I've been testing the vector autoregressive coefficient estimation vgxvarx in Matlab's Econometrics toolbox. Once the coefficients are determined, vgxdisp gives you the choice of showing the standard errors estimated according to maximum likelihood or minimum bias. The only difference between the two is normalization by number of observations versus degrees of freedom, respectively. Since both are constant, you should be able to verify the 2 sets of standard errors by converting from one to the other. Just unnormalize by one constant and renormalize by the other.

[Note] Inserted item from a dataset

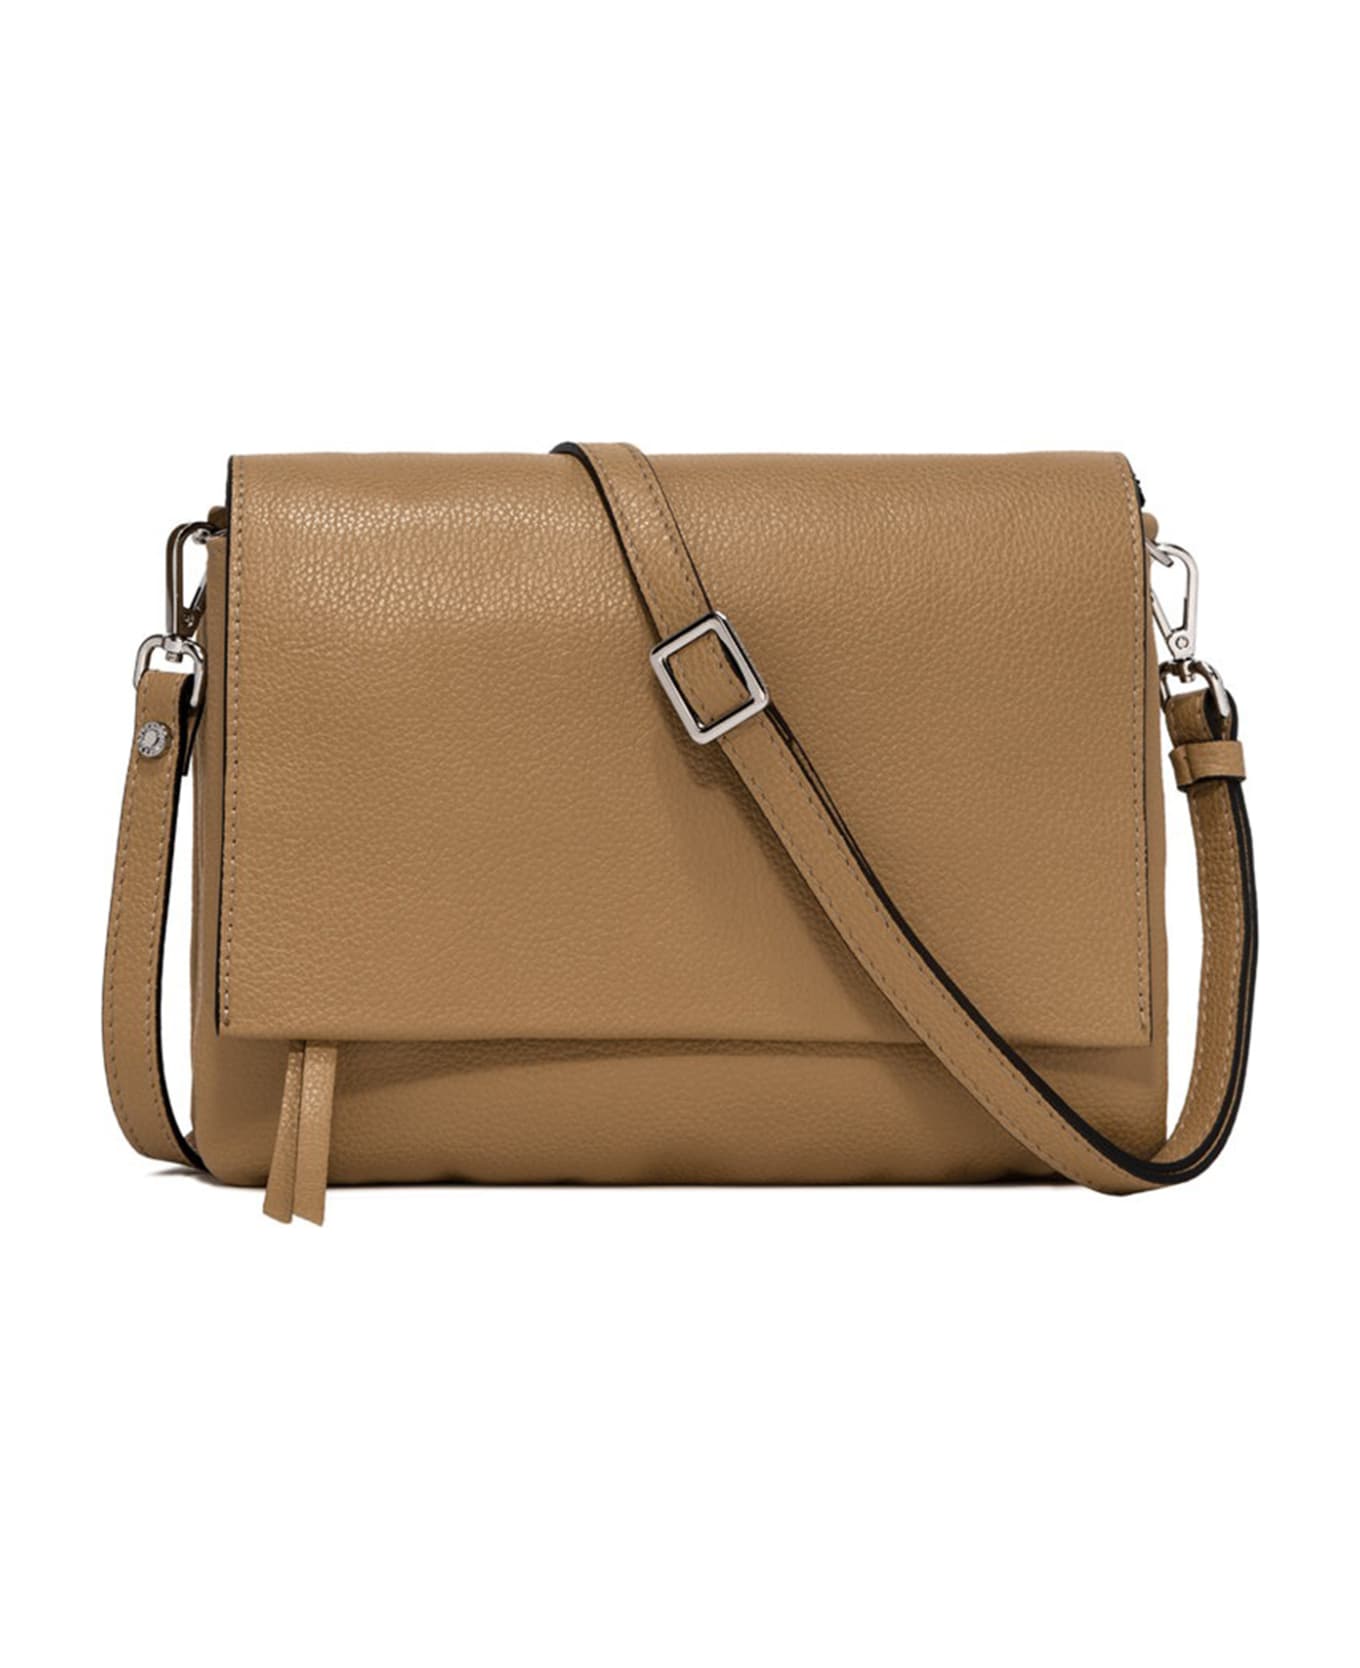 Gianni Chiarini Three Leather Shoulder Bag - NATURE

I tried this and found that the minimum bias estimate of standard error seems to be off by one in the degrees of freedom. In the script below, I use vgxvarx to calculate VAR model coefficients and then request maximum likelihood and minimum bias estimates of their standard errors from vgxdisp (DoFAdj=false and true, respectively). To validate the two, I then convert the standard errors from ML to min bias by unnormalizing by the number of observations (nPoints) and renormalizing by degrees of freedom LESS ONE (found by trial and error). These scalings have to be square-rooted because they apply to variance and we're comparing standard errors.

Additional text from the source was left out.